DATA PROVIDED:
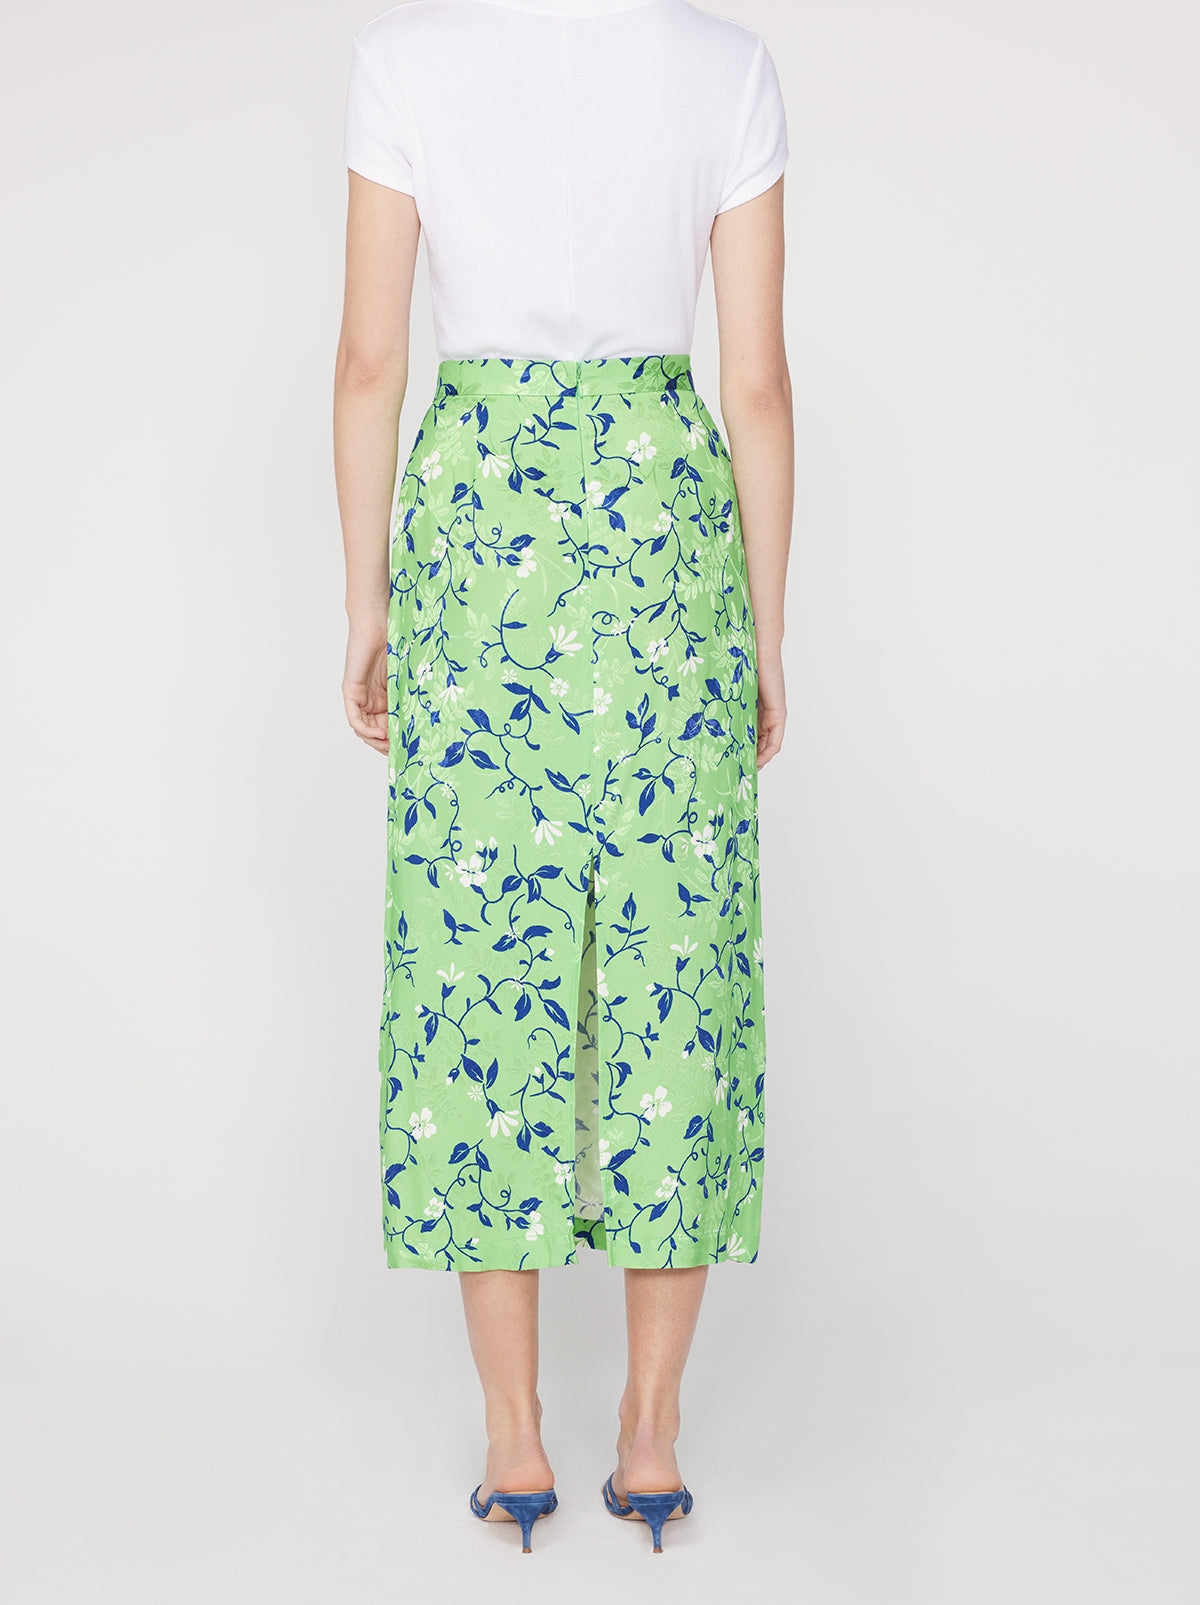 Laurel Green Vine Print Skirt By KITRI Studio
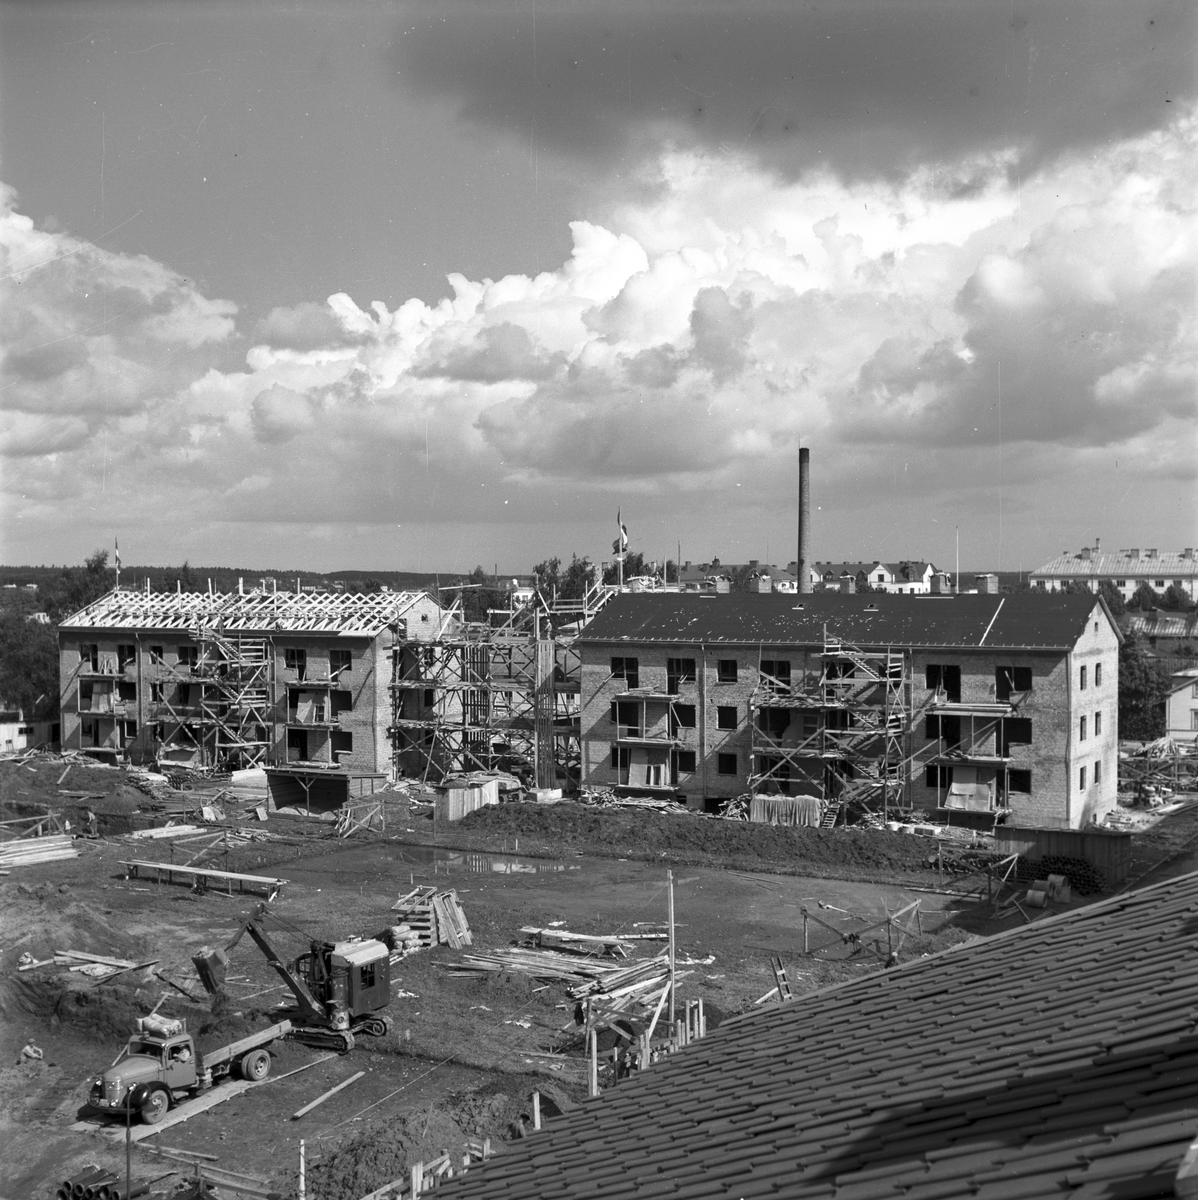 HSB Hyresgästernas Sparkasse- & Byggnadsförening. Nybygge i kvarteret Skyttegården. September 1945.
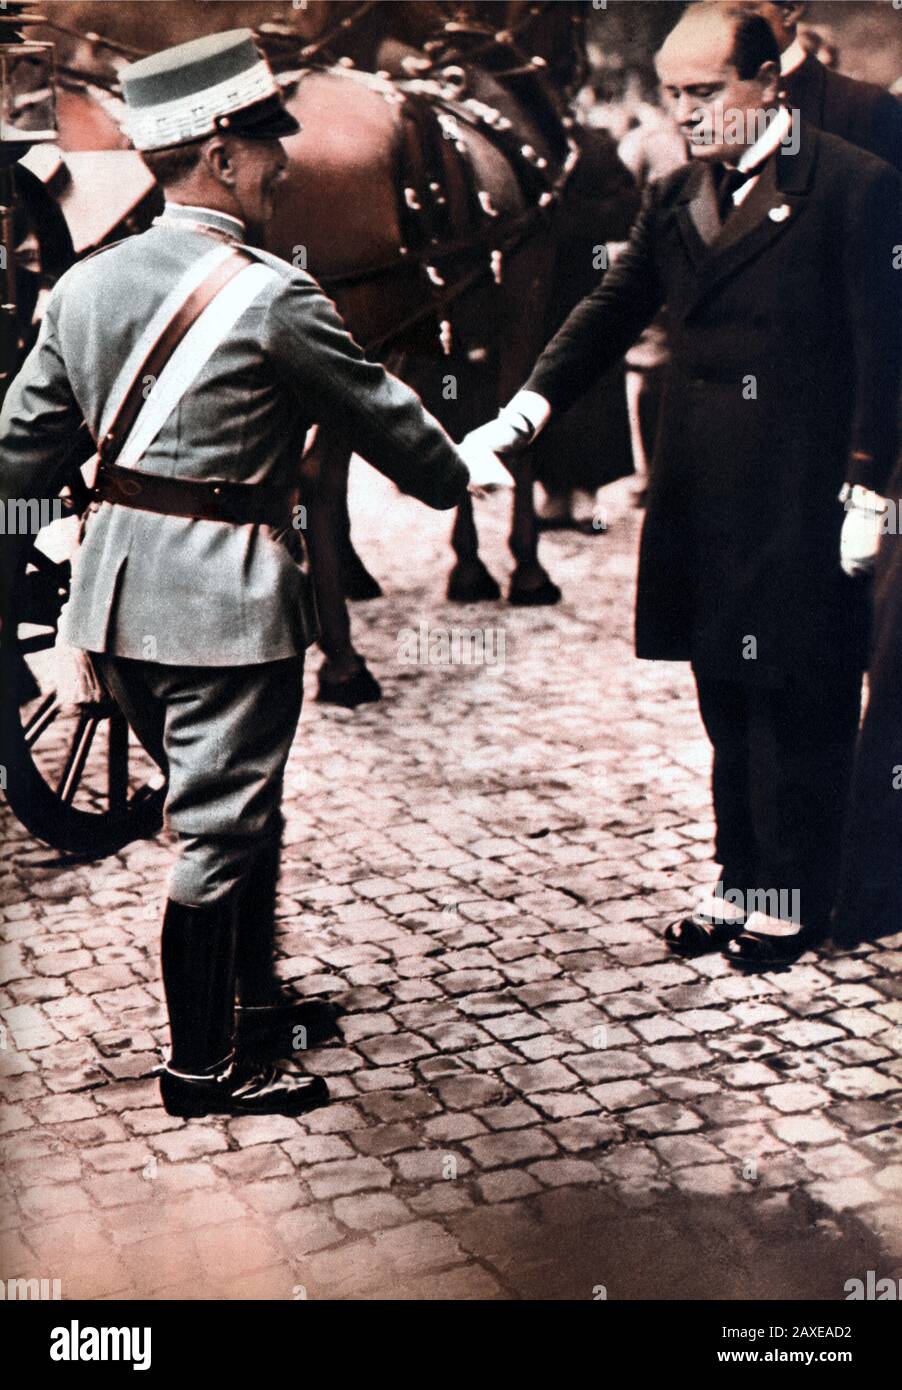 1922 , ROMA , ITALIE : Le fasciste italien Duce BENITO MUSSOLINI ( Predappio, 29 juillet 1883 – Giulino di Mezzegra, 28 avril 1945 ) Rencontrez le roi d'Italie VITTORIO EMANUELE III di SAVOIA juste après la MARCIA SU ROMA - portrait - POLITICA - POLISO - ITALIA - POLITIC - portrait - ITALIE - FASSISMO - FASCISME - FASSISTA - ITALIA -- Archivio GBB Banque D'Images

EXERCISE GOAL: Output the listing above exactly, excluding all pictures.

RESULT OF THE TASK:
 Laurel Green Vine Print Skirt By KITRI Studio
 HSB Hyresgästernas Sparkasse- & Byggnadsförening. Nybygge i kvarteret Skyttegården. September 1945.
 1922 , ROMA , ITALIE : Le fasciste italien Duce BENITO MUSSOLINI ( Predappio, 29 juillet 1883 – Giulino di Mezzegra, 28 avril 1945 ) Rencontrez le roi d'Italie VITTORIO EMANUELE III di SAVOIA juste après la MARCIA SU ROMA - portrait - POLITICA - POLISO - ITALIA - POLITIC - portrait - ITALIE - FASSISMO - FASCISME - FASSISTA - ITALIA -- Archivio GBB Banque D'Images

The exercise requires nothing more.